====== Supplied entries ======

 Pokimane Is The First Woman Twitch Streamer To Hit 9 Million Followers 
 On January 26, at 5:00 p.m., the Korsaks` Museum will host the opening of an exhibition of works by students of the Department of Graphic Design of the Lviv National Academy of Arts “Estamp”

======
====== Supplied entries ======

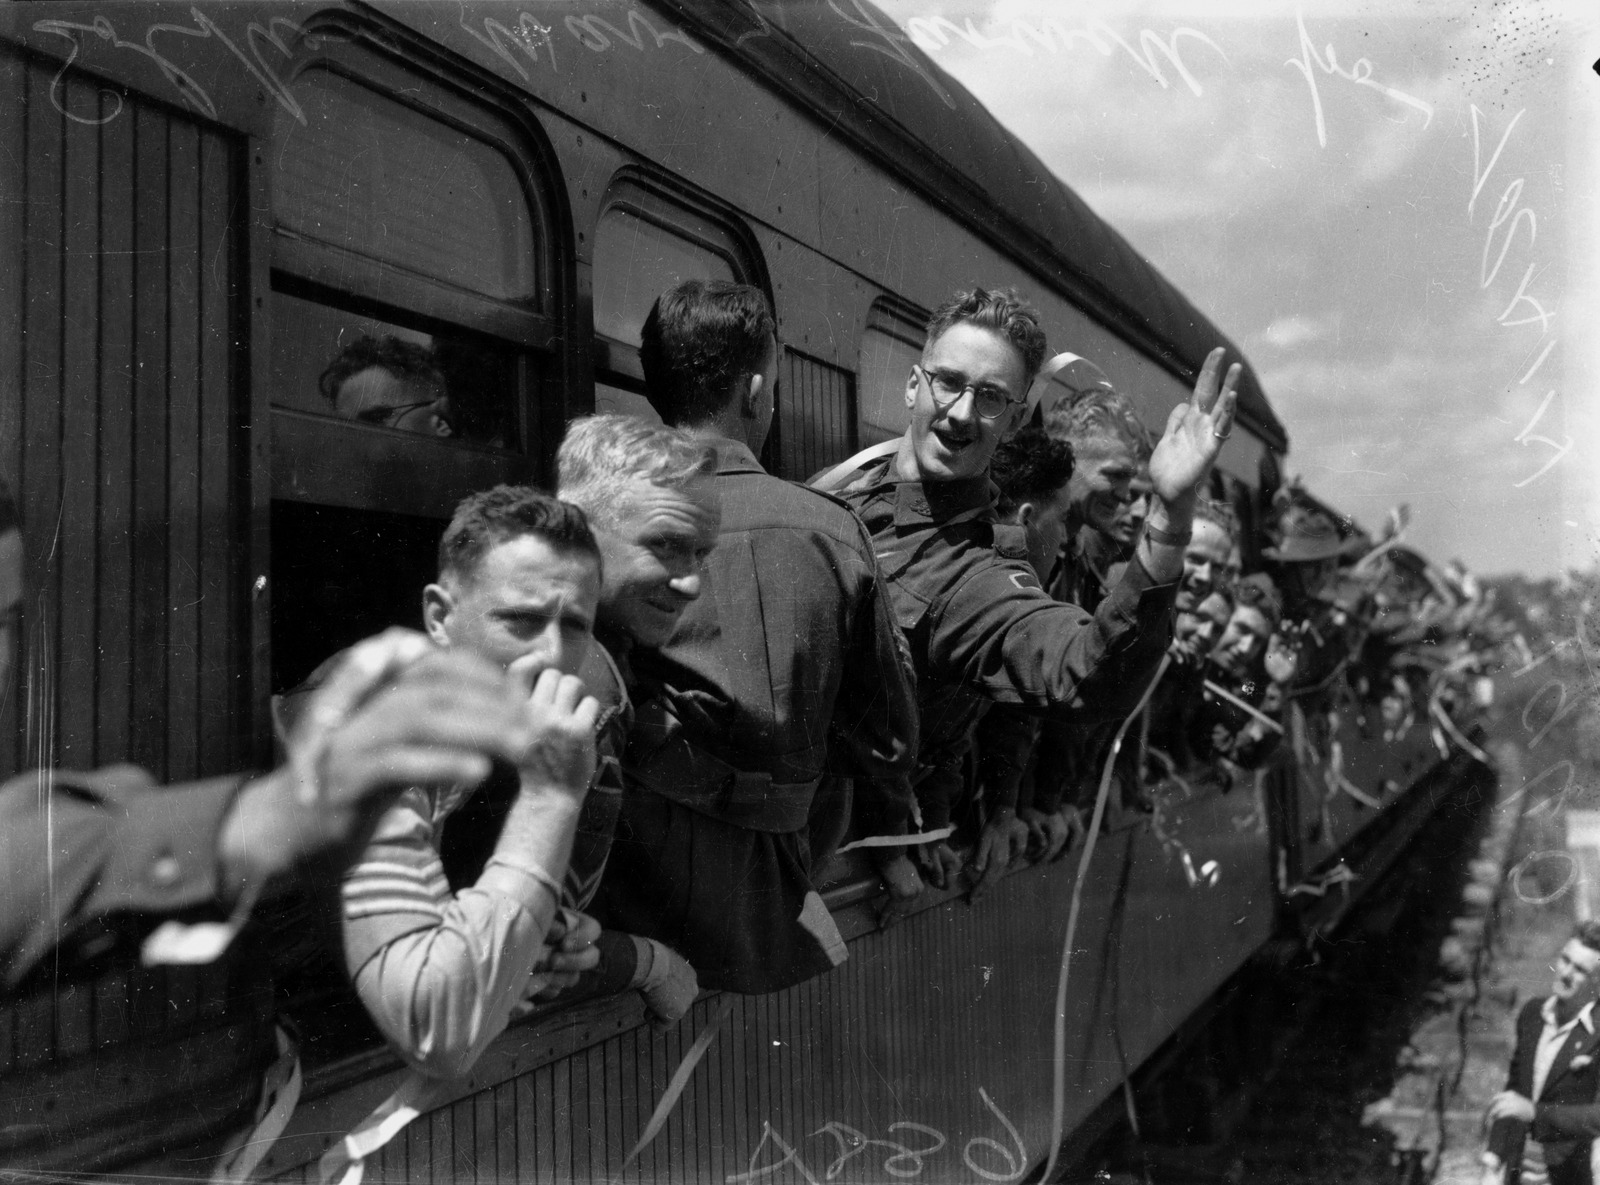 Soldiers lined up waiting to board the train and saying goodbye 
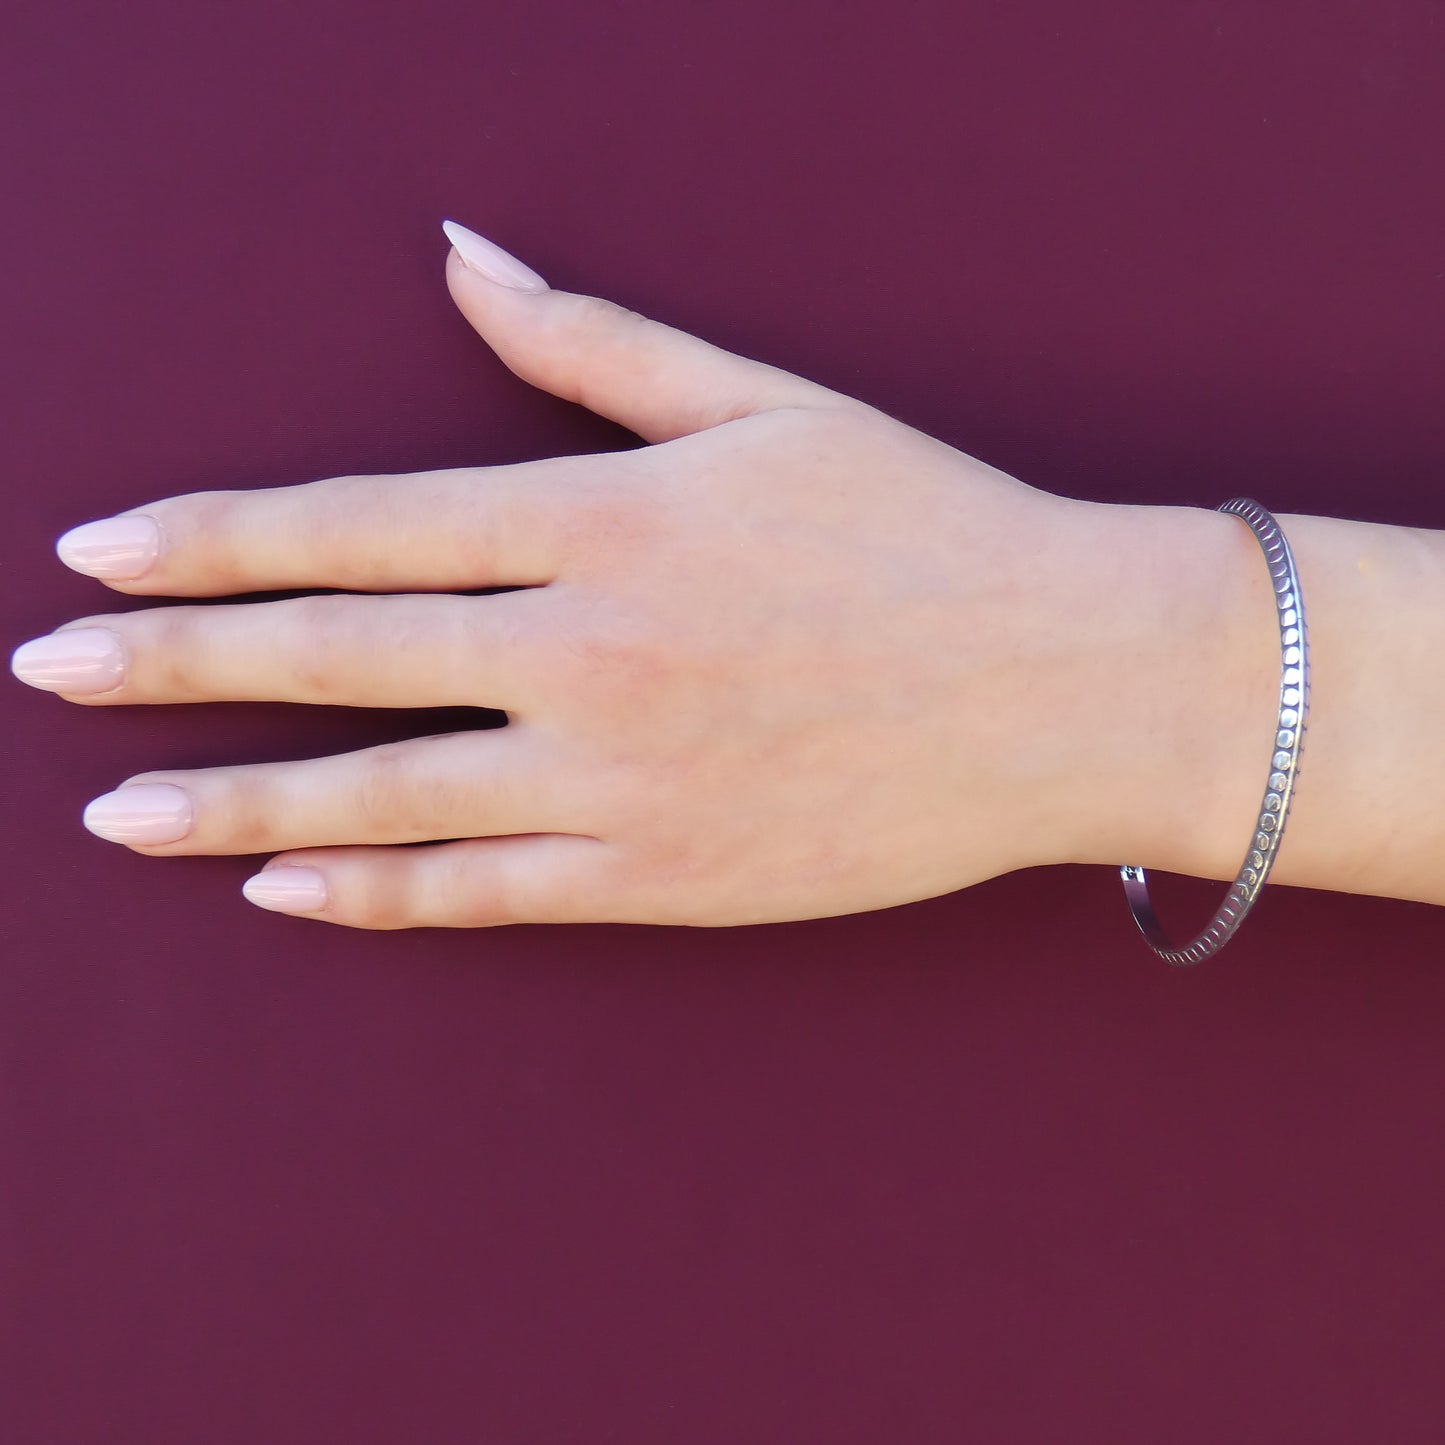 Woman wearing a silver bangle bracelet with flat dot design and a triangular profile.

======

= Task brief =
Please copy the lines above exactly, starting at the line that holds "Soldiers lined up" and ending at the line that holds "Woman wearing a"; include both, but no pictures.

= Answer to this task =
 Soldiers lined up waiting to board the train and saying goodbye 
 Woman wearing a silver bangle bracelet with flat dot design and a triangular profile.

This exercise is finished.